Airport Bonds Fly High…An index of airport bonds has gained a 5.6% return this year, defying losses in the broad municipal bond market. Air travel has largely recovered to pre-pandemic levels. Airport traffic at leisure venues such as Miami, Myrtle Beach, Orlando, and Las Vegas exceed pre- pandemic levels. Major hub airports in Boston Logan, Seattle, and Washington DC are in the 95-100% recovery range, due to higher corporate travel demand. Secondary hubs such as Detroit and Philadelphia are seeing airport traffic at less than 90% of 2019 airport traffic levels. A slower recovery is ongoing at West coast hub airports, which are at 80-83% recovery levels per recent Fitch data. Large international gateway airports including Newark report 107% recovery. The airport sectors’ infrastructure needs are estimated to be about $150 billion through 2027. Large hub airports will spend nearly half of this on capital upgrades. Airport revenue, the majority of which comes airline payments, will likely keep pace with higher interest costs.
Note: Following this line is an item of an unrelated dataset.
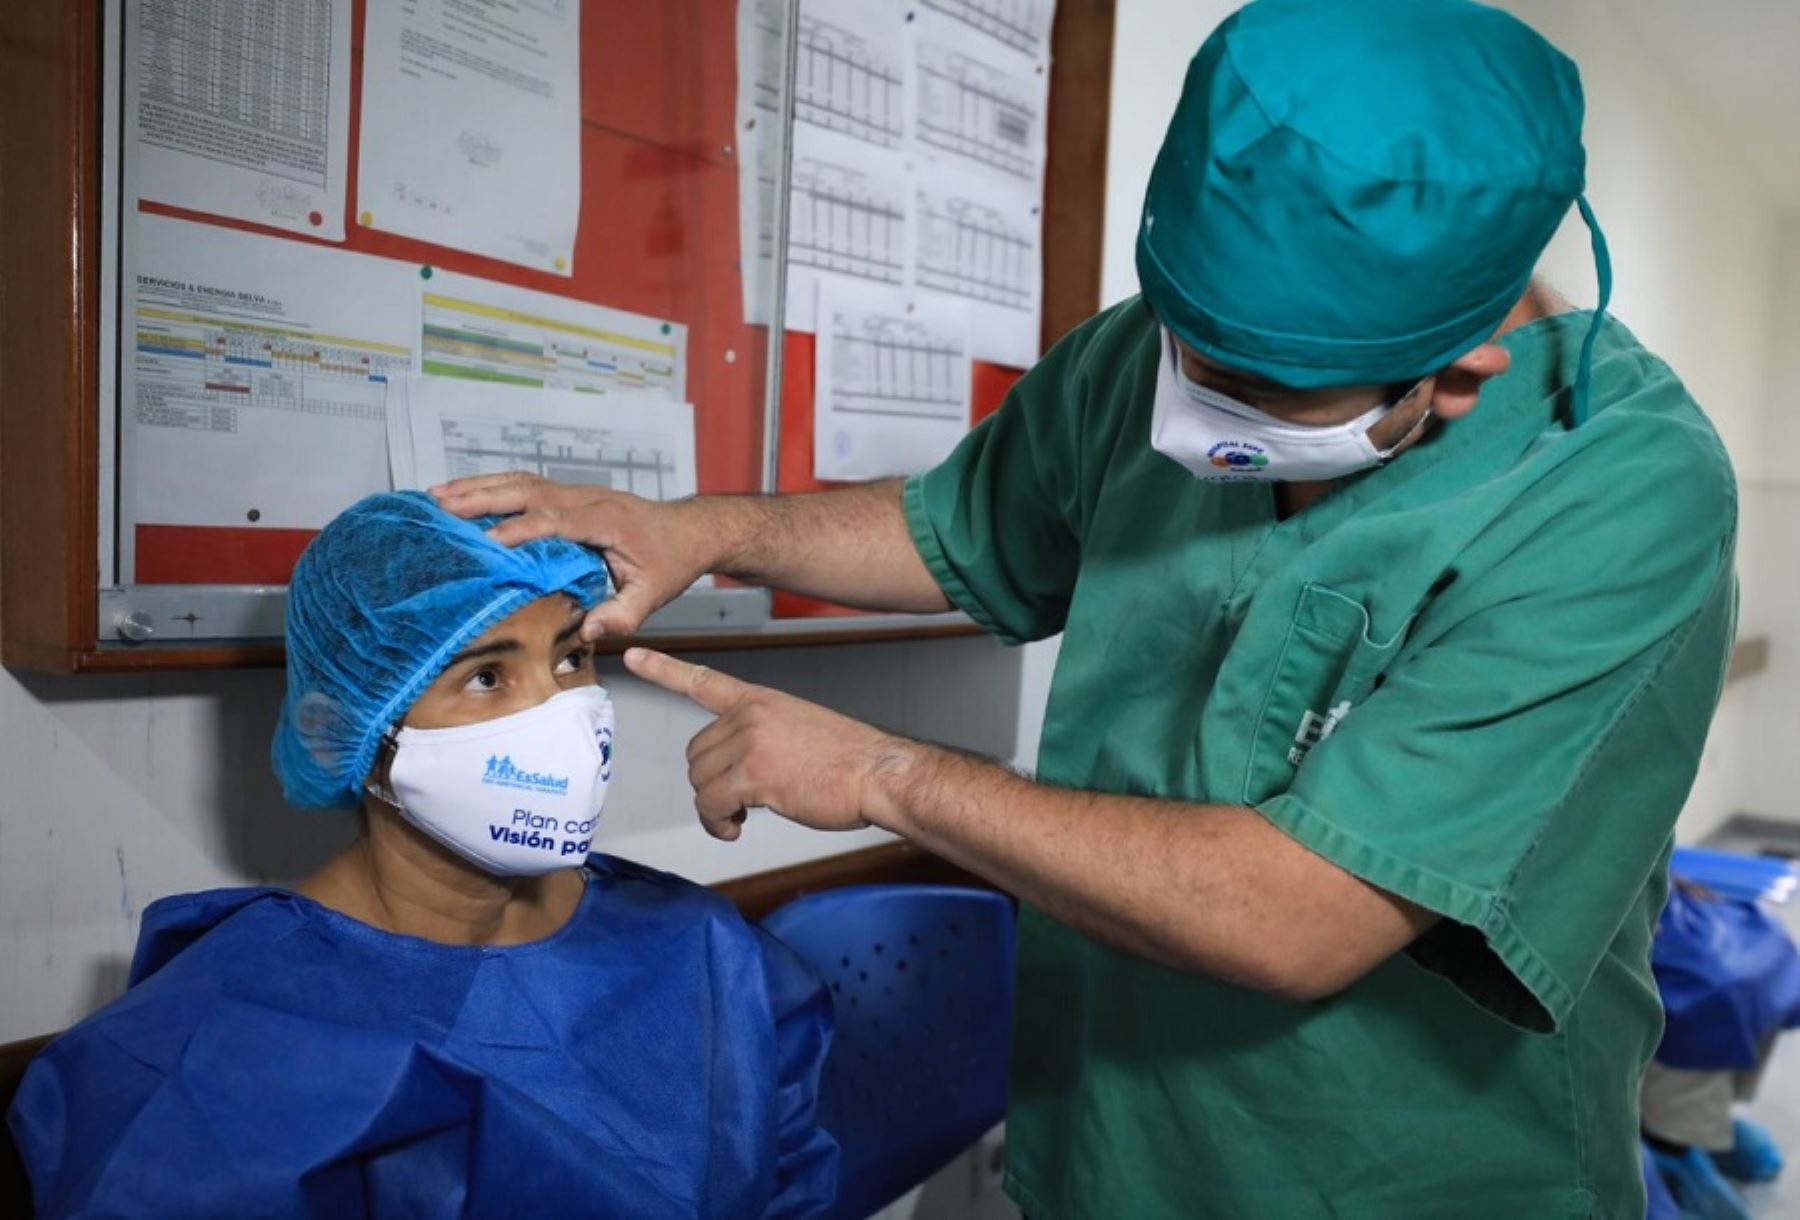 La campaña de desembalse de cirugías de cataratas "Volver a ver" de EsSalud se realiza a escala nacional y en una primera etapa las intervenciones se desarrollan simultáneamente en seis regiones del país: Lima, Piura, Ica, Cusco, Arequipa y Pasco.

Fitch Downgrades Surpass Upgrades…For the first time in over two years, Fitch credit rating downgrades surpassed upgrades in the third quarter of 2023. Upgrades made up 2.8% of rating activity, and downgrades were just a tad higher at 2.9%. Rating outlooks are ‘overwhelmingly stable,’ Fitch added “Fitch’s measures of overall credit quality should remain stable and strong given prudent efforts in recent years to bolster financial resilient.” While community housing for the elderly, hospitals and colleges bore the brunt of Fitch downgrades, utilities, transportation-related muni issuers and airports saw a healthy slate of upgrades. Municipal bond credit risk remains low overall, though certain sectors, such as competitive enterprises, healthcare and senior living, continue to struggle as inflation and high interest rates linger.

Lower Income Tax Weighs on State Revenue…New York State expects tax collections to be 10% lower than expected in the current fiscal year. Revenue from the personal income tax, the state’s largest revenue source, is expected to decrease 14.3% this fiscal year. California’s recent income tax collections are significantly below forecast. Golden State tax collections, highly dependent on capital gains and personal income tax revenue, were suppressed by stock market weakness and slowing wage growth. Nearly half of California’s income tax collections come from residents in the top 1% of income earnings. Personal income tax, corporate tax and sales tax are top revenue sources for U.S. states.

State General Obligation Bonds Sought…High tax U.S. state general obligation bonds offer strong credit quality and high tax-free yields. In high-tax states, such as New York, New Jersey, Illinois and Connecticut, investors top tax bracket earners have recently reaped taxable equivalent yields ranging from 8% to 10% for long-maturity, general-obligation debt. Volatile market conditions have persisted across global bond markets. A state general-obligation debt bond index has lost 0.34% year-to-date, outperforming overall muni bond markets’ 0.42% year-to-date loss. Notably, a Puerto Rico bond index has outperformed with a 2.3% gain so far this year.

Compare 30-Year taxable U.S. Treasury yield 4.77% to 30-Year tax-exempt Municipal Bond yield “AAA” 4.50%; “AA” 4.63%; %; “A” 5.05%. For investors in the 35% tax bracket, a 5% tax-exempt yield is equivalent to a 7.69% taxable yield. Top-rated long-term tax-free bonds yield 97% of comparable taxable U.S. Treasuries.